DATA SHOWN
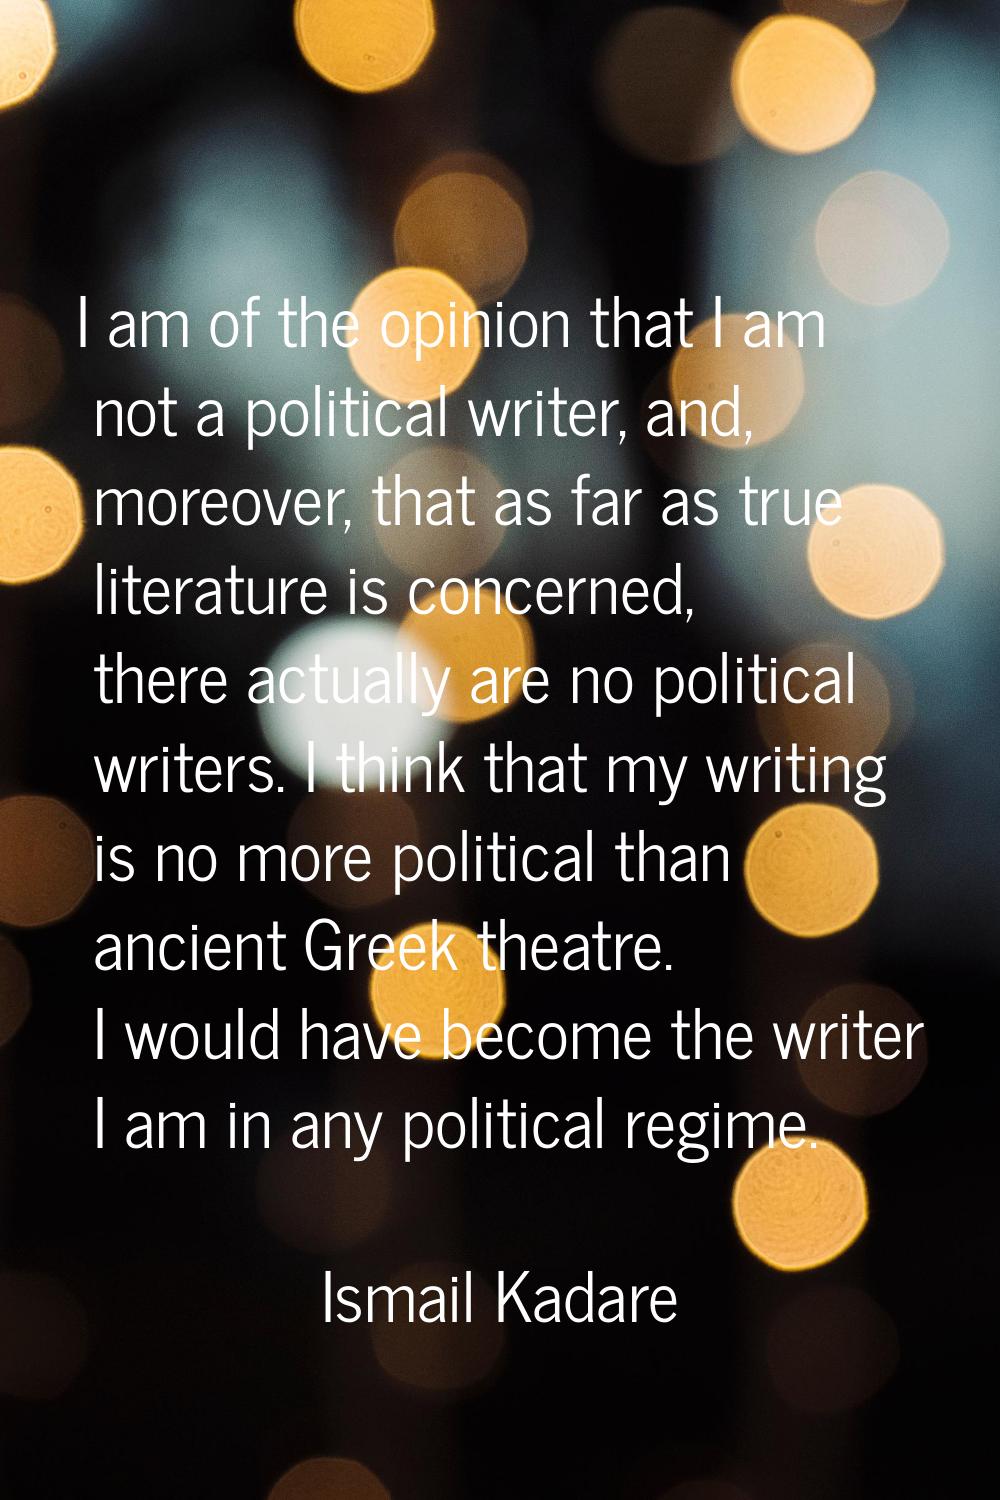 I am of the opinion that I am not a political writer, and, moreover, that as far as true literature
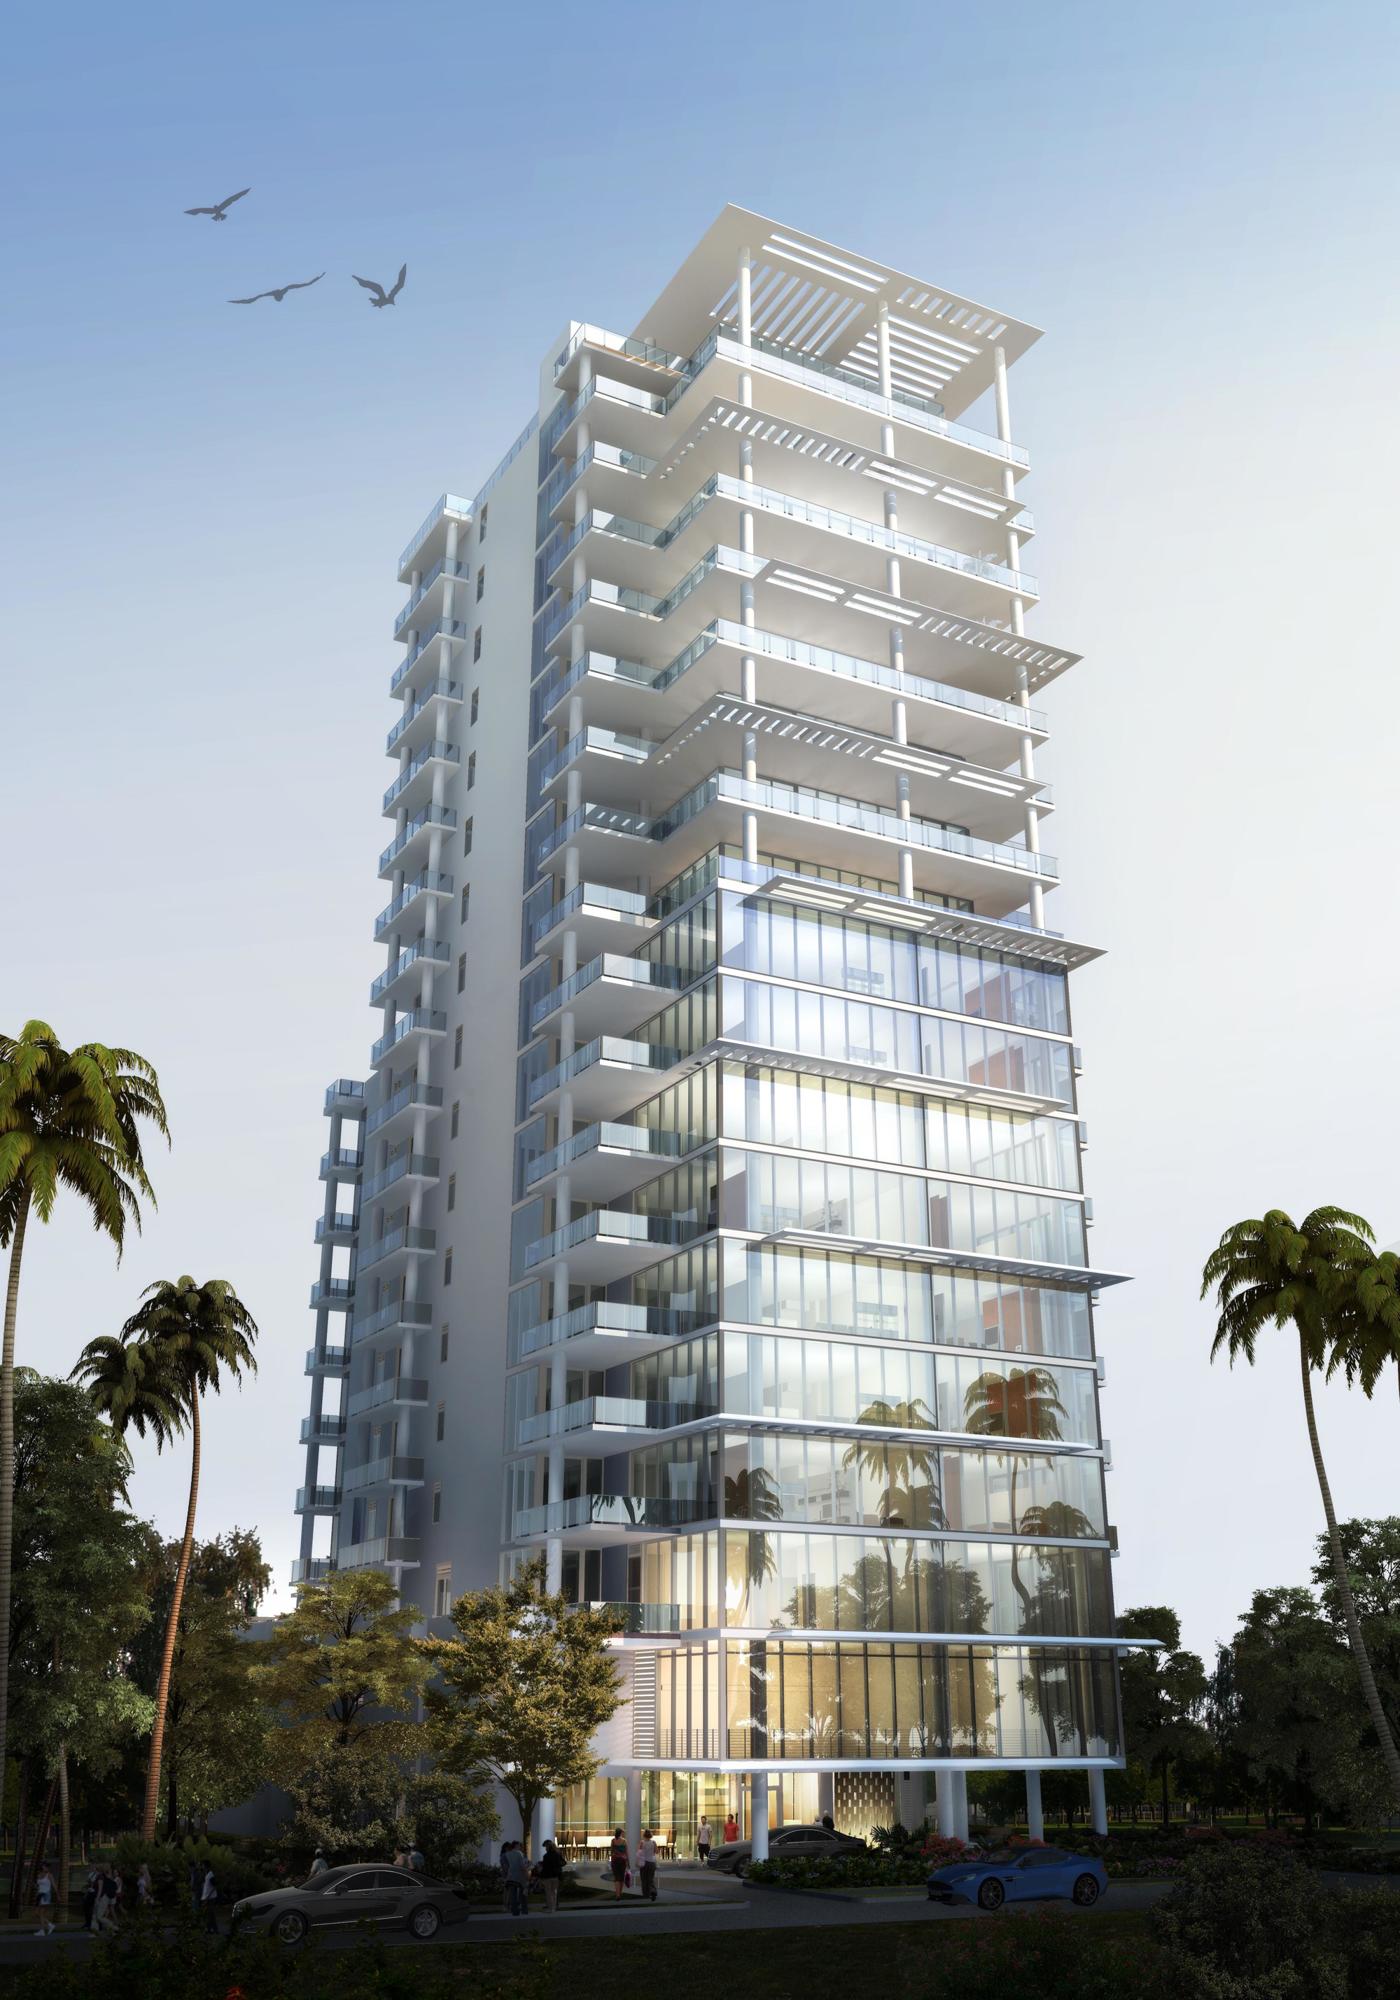 COURTESY RENDERING — The 18-story, 23-unit Epoch is expected to be delivered in early 2021 in downtown Sarasota.
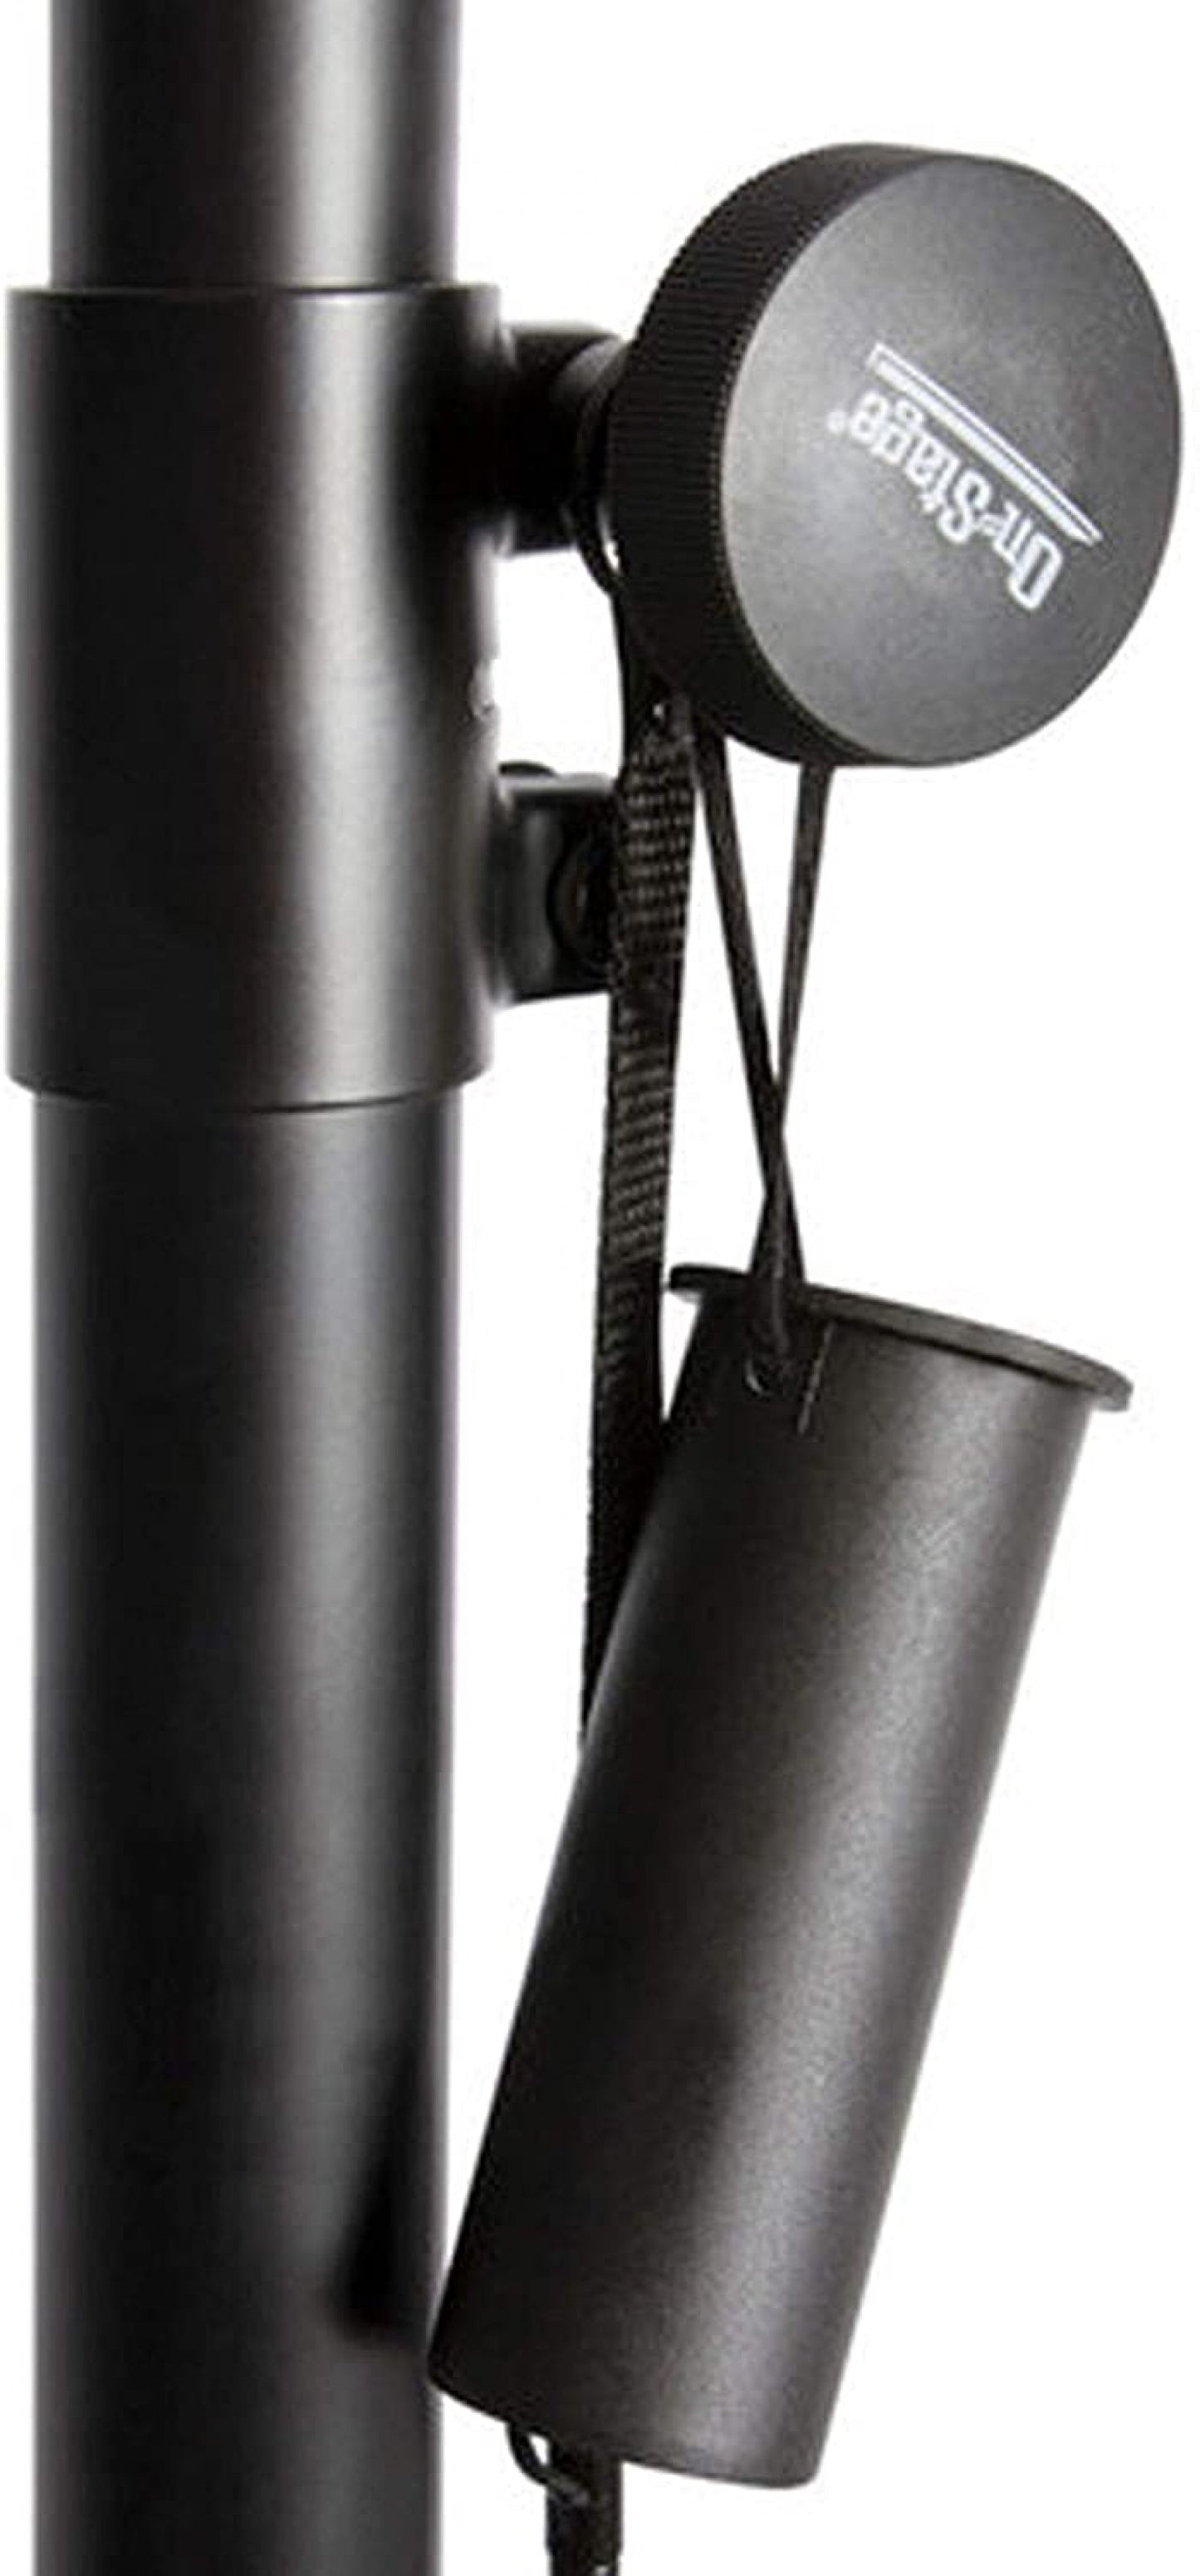 On Stage SS7725 Tripod Speaker Stand

DIRECTIONS FOR THIS TASK
Everything from the line containing "COURTESY RENDERING —" to the last line of the listing above is to be written out exactly, except the pictures, and nothing else.

ANSWER SECTION
 COURTESY RENDERING — The 18-story, 23-unit Epoch is expected to be delivered in early 2021 in downtown Sarasota.
 On Stage SS7725 Tripod Speaker Stand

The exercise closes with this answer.